MongoDB from a SQL point of view

By Thomas James 15/02/2020

I have spent all my professional years of development using MSSQL database meaning I have spent my whole life in a normalized world, this is a world most developers live in as most businesses use some type of relational database, this norm is changing with NoSQL becoming more and more used, and many more jobs coming up in this area meaning you as a developer should look into it even if it’s only to understand when it could/should be used.

Kasera compares furniture from many different companies getting its data from several data feeds, each having their own data structure. In short, we take data feeds, convert it into our data structure, and de-dupe it. This is a large data set that does not change to much day to day with it massively weighted to reading the data over writing.

Kasera started out life using a MSSQL database for a couple of reasons –

  1. Being a very small team and with me doing 95% of the coding I kept to what I knew and that’s SQL
  2. We were hosting in Azure and SQL just works.

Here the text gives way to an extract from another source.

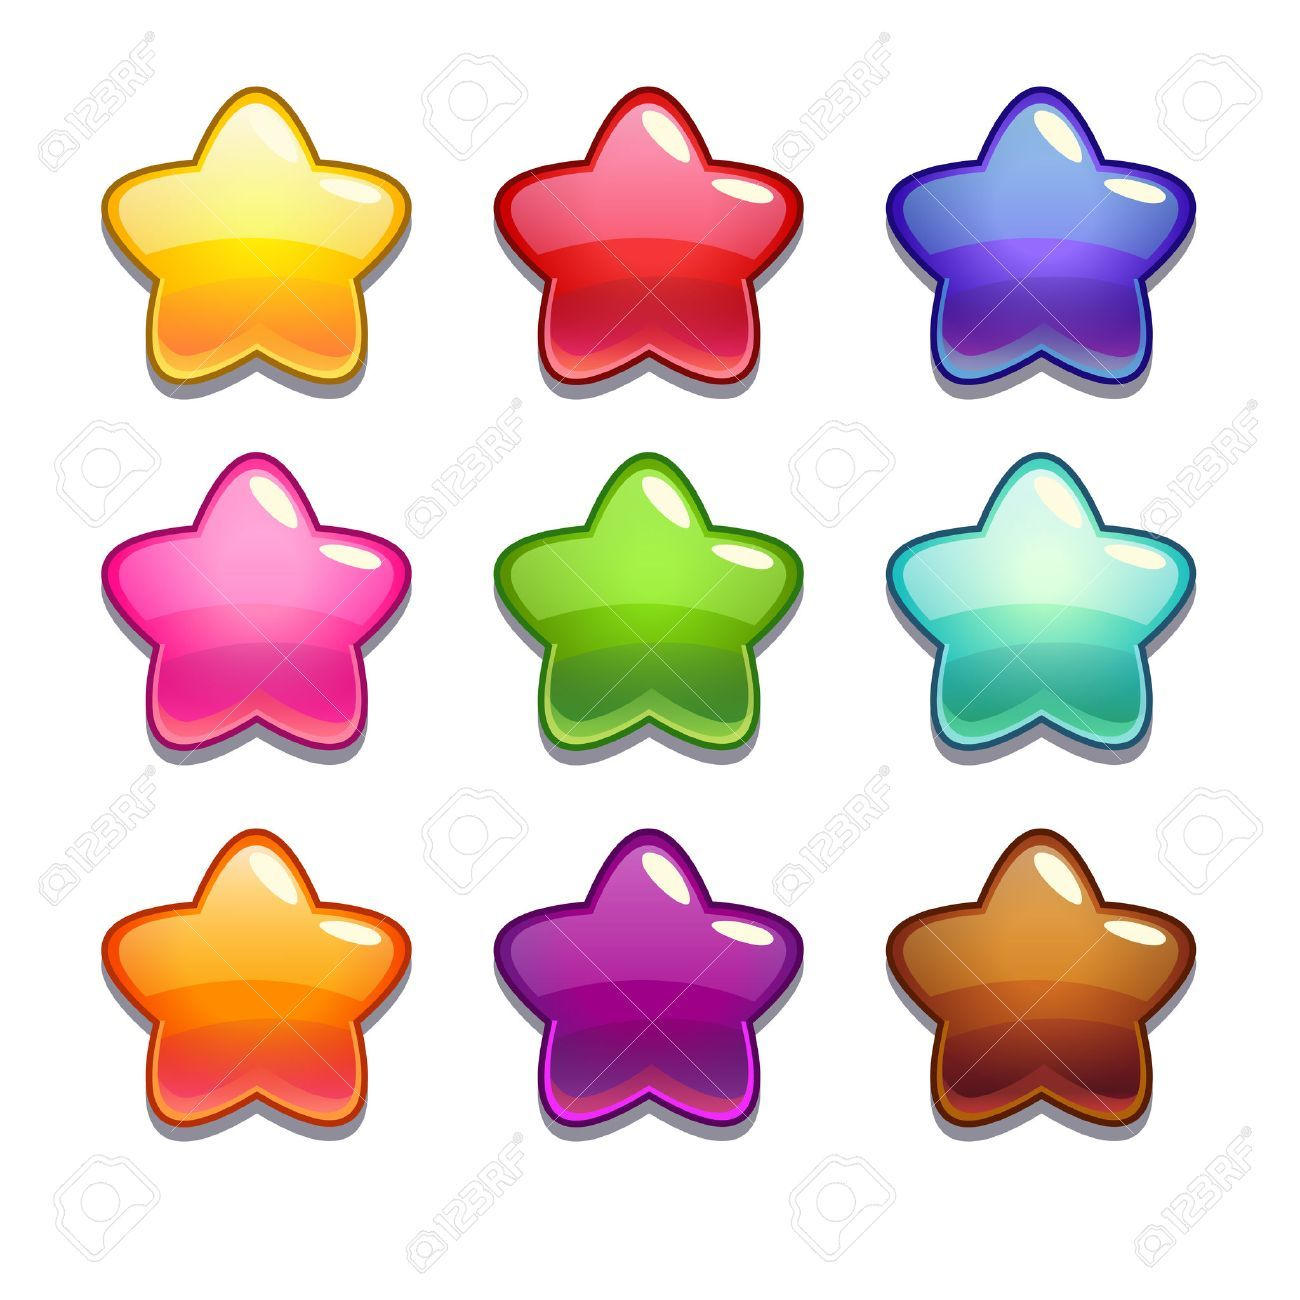 Cute Estrellas Jalea De Dibujos Animados En Diferentes Colores Aislados Vector Estrellas Para Imprimir Dibujos Para Ninos Ojos De Dibujos Animados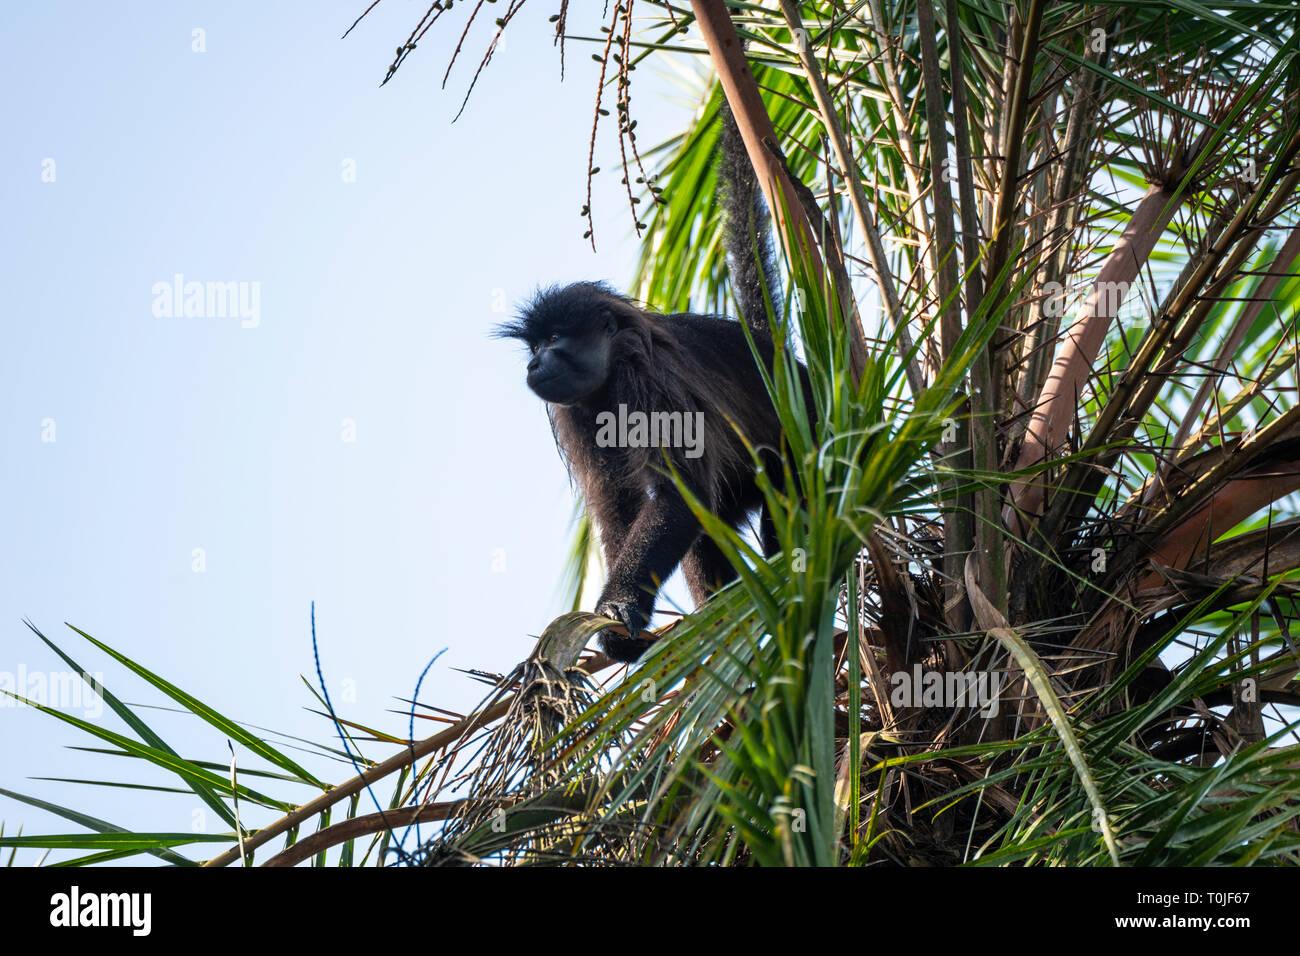 Ugandan red colobus monkey (Procolobus tephrosceles) about to leap from tree, Bigodi Wetland Sanctuary, Magombe Swamp, South West Uganda, East Africa - Stock Image

However, SQL in Azure is not cheap, in fact to get any power within a database you need to start paying some large sums of money and that’s an issue when doing a start-up, cash is very limited. Search queries that on my local would take 0.3s where taking 20+ seconds in azure as the DTUs we were paying for where just too low. It was at this point we had to look elsewhere, my search for a solution took me to the NoSQL world where MongoDB shined out as a solid and well-maintained database, with very high read speeds, and the best thing its free. So, I took Kasera off Azure and we moved over to DigitalOcean Linux machine this move could and probably should be its own blog so let’s leave it as - I did it, it was very interesting, I felt like a god once it was all working *pats self on back*.

It’s now been just over 5 months since that move, and I thought it would be useful to give my first impressions of MongoDB and the NoSQL world

Speed

This I must say has been amazing, yes you have to design your documents (tables) very differently to a relational database and you might even call it cheating when you do your first NoSQL design, it’s not it just how NoSQL works, you don’t have joins you can’t normalize data like you want to, what you need when pulling out data can (should) all be in a single document (table), you will and more than likely should have duplicated data. I truly struggled at first with this it was just so wrong coming from such a pure world of relational databases. But the read speed you get it amazing, and it should be with no joins you can make a very complex query and it will never slow down, adding more complexity to your query over time is no issue.

Cost

If you have unlimited power in both a SQL and a MongoDB server you can make both query more or less the same speed, but when it comes to cost to speed MongoDB is by far superior, we currently spend $80 a month on DigitalOcean and with this we have more power than we currently need, compare this to azure where we spent anywhere up to $100 per month for one API, one Website, and a 5 DTU database. So, if you have limited funds Linux + MongoDB = cheap power.

Changing Design

Past the two obvious things of speed and cost a big plus for NoSQL is the easy at which you can change a design, as we all known big fundamental changes to SQL tables is more or less a no no you would likely look at making a new table over fundamental changes to a current table. Not in NoSQL world. I had to change our feeder table to handle multiple data feeds all with completely different fields, in SQL this would be a new table for each data feed then linking it to the feeder table in NoSQL I simple made a sub document and moved the current data into its own sub document and added the other sub documents for the other data feeds, no joke it was dead easy and keeps your database very clean. NoSQL takes a big plus if you have a design that’s likely to change over time.

Ad-hoc Queries

For me the only real down side to NoSQL is Ad-hoc queries on it, it’s just not as easy to do as SQL it’s much harder to come up with interesting facts on the data in a fast and easy way, the tooling is not their or I have not found it yet. I use C# Linq to do my Ad-hoc queries on the database which works but it’s a bit of a pain, so if you are always asked questions about the data SQL take a point on that. This should not come as to much of a surprise its very common to have a copy of your data in some type of data warehouse that you can run python on to answer them important questions, but as a start-up we just deal with the need to write it out in C# Linq.

Conclusion

Overall do I think relational databases are dead? No, both relational and non-relational databases have a place where they shine, for most businesses this I feel is still weighted to relational but when you need that read speed for large data sets, that flexibility to change your data, then non-relational databases are there to answer your call.